If your answer is affirmative, you should know the exemption for reinvestment in the habitual residence in personal income tax. In this article we tell you all the details so that you can benefit from the exemption and pay less taxes.

Imagine the following case: Pedro bought a house in Sant Gervasi – Galvany, which is his habitual residence, in 2004 for 150,000 euros. In 2022 he decided to sell it and, due to the increase in prices, the sale price was 200,000 euros, so he obtained a capital gain of 50,000 euros. In the same year, 2022, he decides to buy another larger home in the same neighborhood and invests the 50,000 euros he obtained in buying the new house that he will use as his habitual residence.

Based on this assumption we are going to analyze the exemption for reinvestment in habitual residence.

What is the exemption for reinvestment in habitual residence?

The exemption for reinvestment in a habitual residence is regulated in article 38.1 of the Personal Income Tax Law, which establishes the following:

1. Capital gains obtained from the transfer of the taxpayer’s habitual residence may be excluded from taxation, provided that the total amount obtained from the transfer is reinvested in the acquisition of a new habitual residence under the conditions determined by regulation.

When the reinvested amount is less than the total amount received in the transfer, only the proportional part of the capital gain obtained that corresponds to the reinvested amount will be excluded from taxation.

Therefore, the exemption for reinvestment in a habitual residence is a tax benefit that means that the capital gain derived from the sale of your habitual residence is exempt from personal income tax if you reinvest it in buying another habitual residence or in rehabilitating a new habitual residence.

Based on the above, it is necessary to be clear about the concept of habitual residence. From a tax point of view, a habitual residence is a building in which the taxpayer resides for a continuous period of at least three years. Regarding the home that is acquired, it will be considered habitual if it is effectively and permanently inhabited by the taxpayer within a period of twelve months from the date of acquisition or completion of the works.

What requirements must be met to apply the exemption for reinvestment in habitual residence?

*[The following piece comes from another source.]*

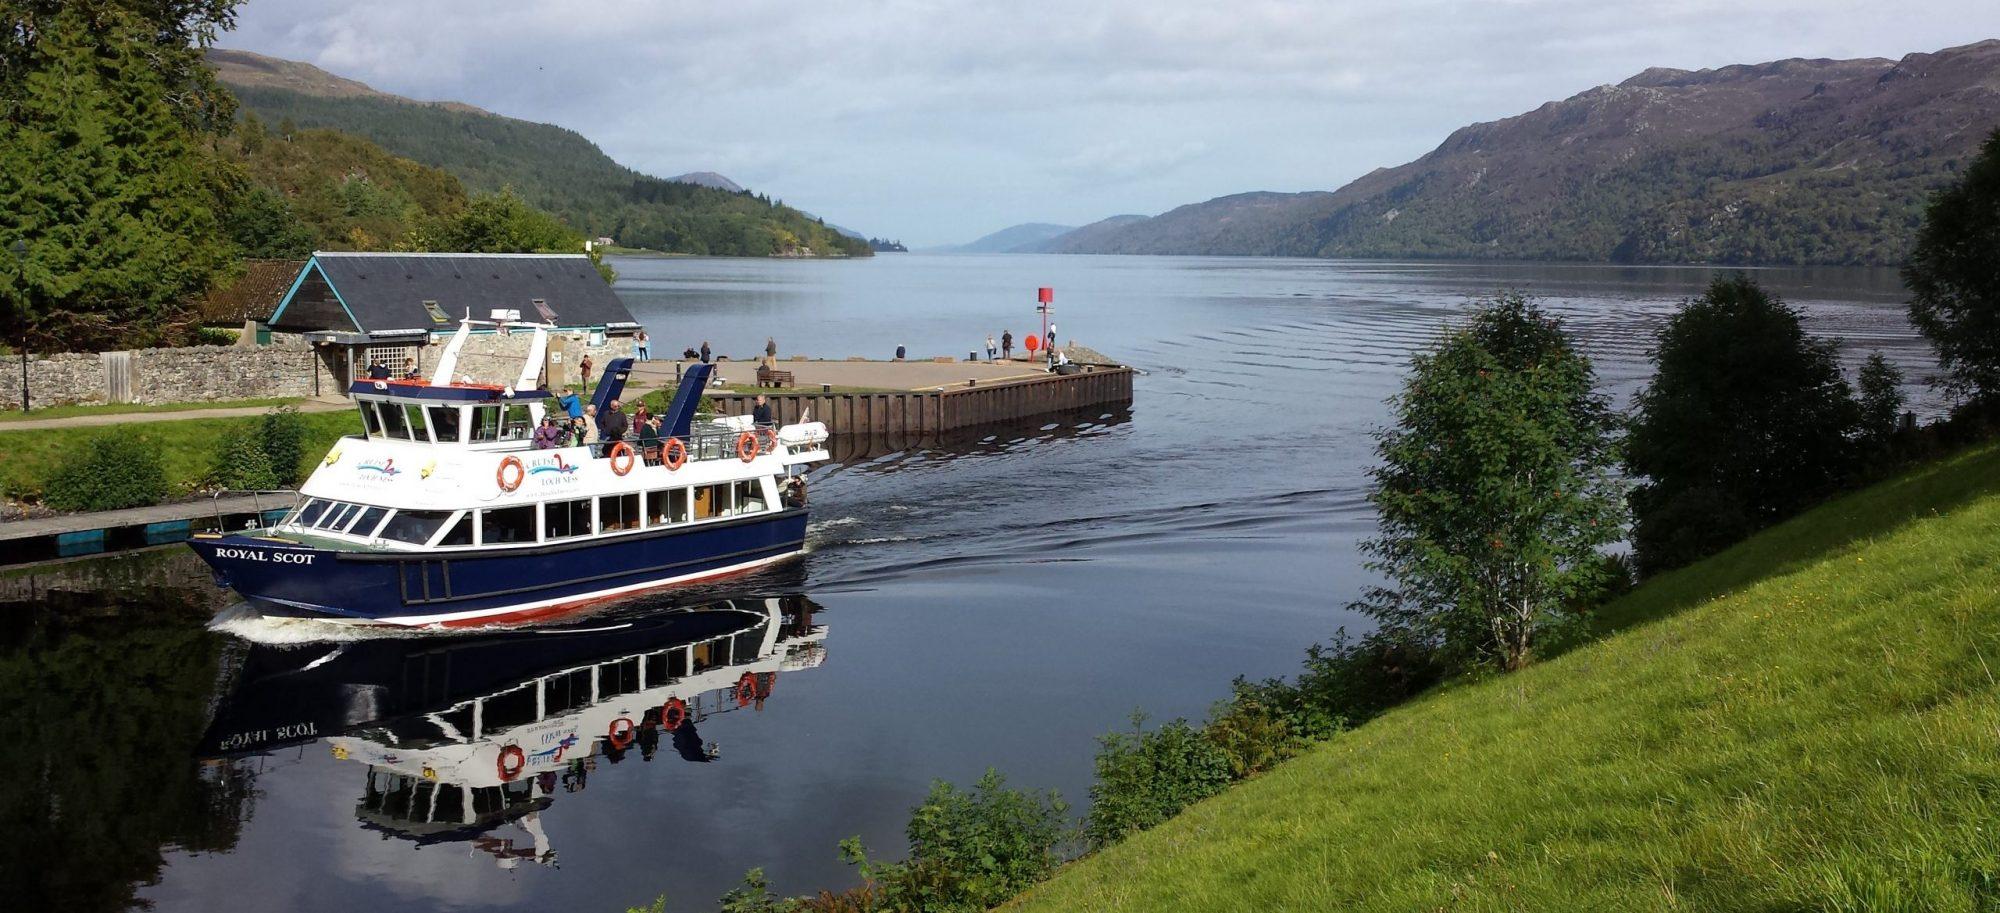 Crusie Loch Ness Scaled Aspect Ratio X

To apply the exemption for reinvestment in habitual residence in personal income tax, it is necessary to meet a series of requirements that are as follows:

– That the home you sell is a habitual residence. To do this, as we have seen in the previous section, you must have lived there for a continuous period of at least three years.

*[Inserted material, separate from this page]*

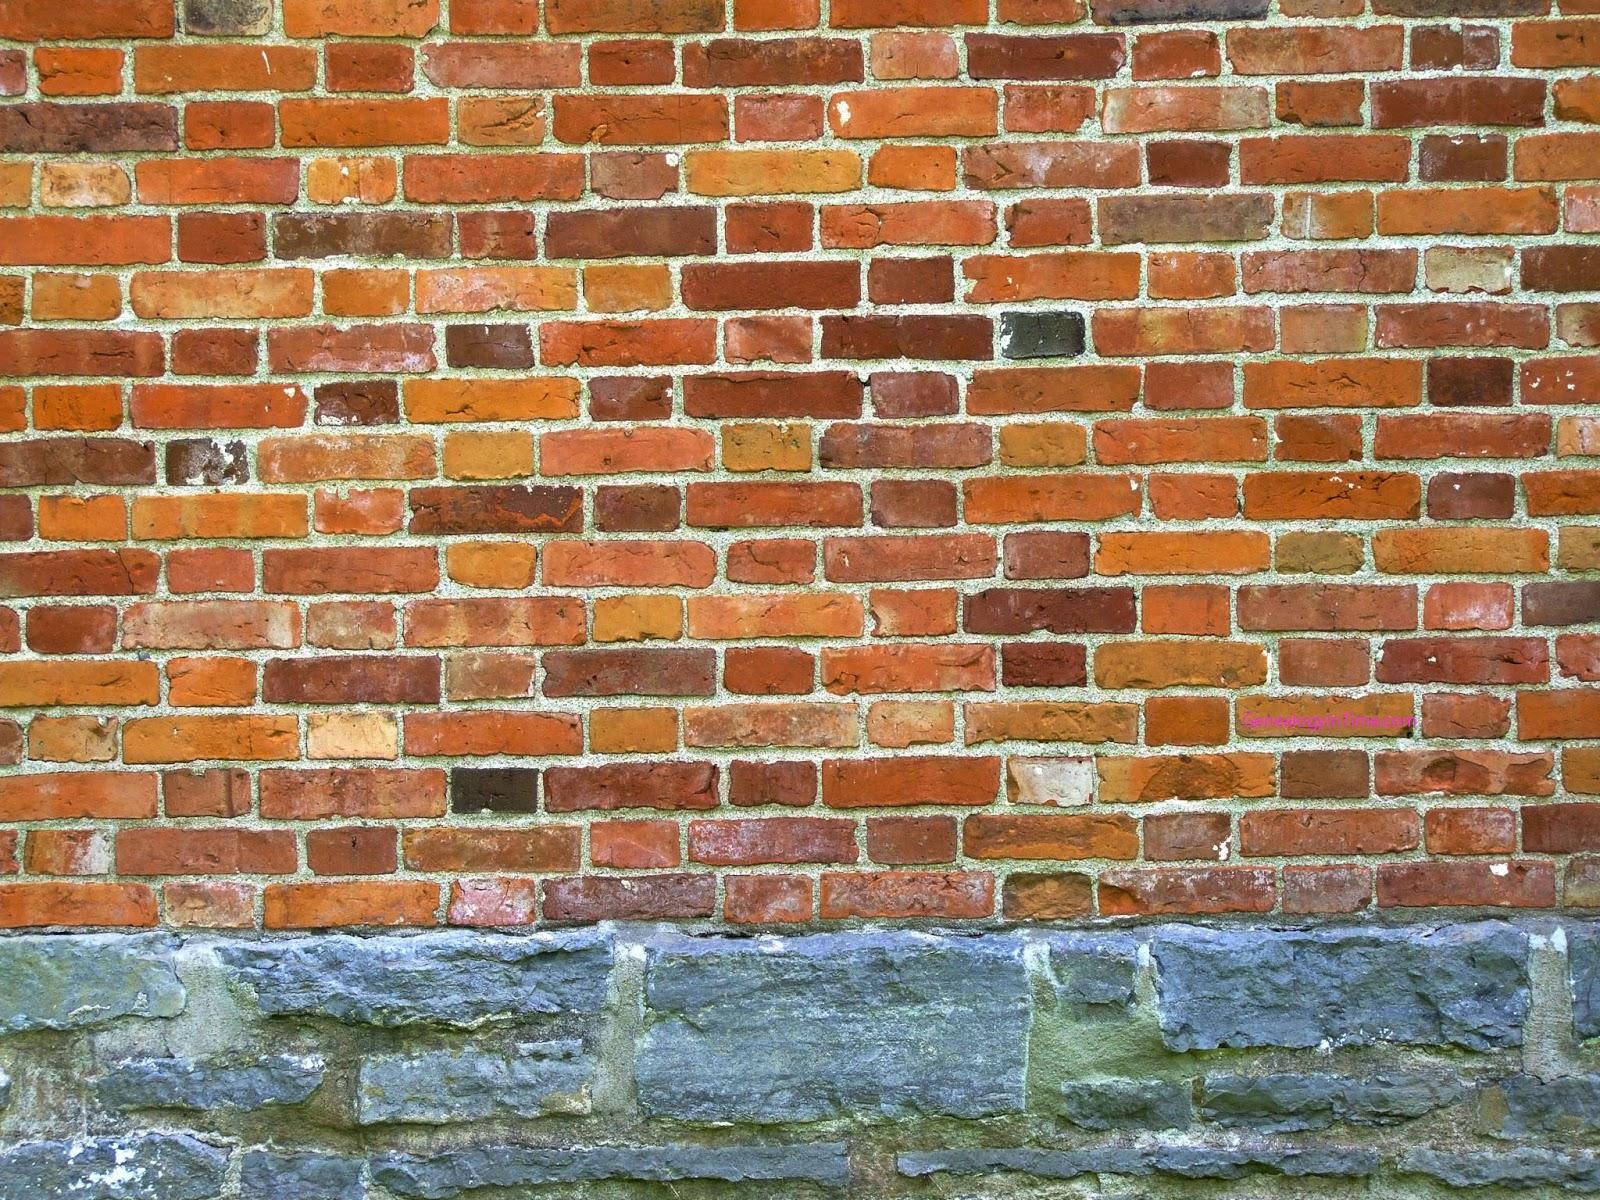 brick wallpaper brick wallpaper brick wallpaper brick wallpaper brick 1600x1200

– That the home you buy also be considered a habitual residence.

– That the reinvestment be carried out within a period of two years, which may be before or after the sale of the initial habitual residence.

Frequently asked questions about the exemption for reinvestment in habitual residence
In relation to the exemption for reinvestment in a habitual residence, you may have doubts regarding its application. Below, we answer the most frequently asked questions:

Does the exemption apply automatically?
The exemption is not applied automatically, but must be requested by including the sale of the habitual residence in the income tax return for the corresponding fiscal year. If at that time you have not yet reinvested the money, you can declare your intention to make the reinvestment later.

If I get divorced or have to move for work and stop living in the home: is it considered my habitual residence?

There are various cases in which you can benefit from the exemption, even if you have not lived in your habitual residence for three years. They are the following: divorce, marriage, job transfer and illness or disability requiring a change of address. In the event that you find yourself in any of these cases, it is recommended, however, that you consult with the Tax Agency about the application of the exemption.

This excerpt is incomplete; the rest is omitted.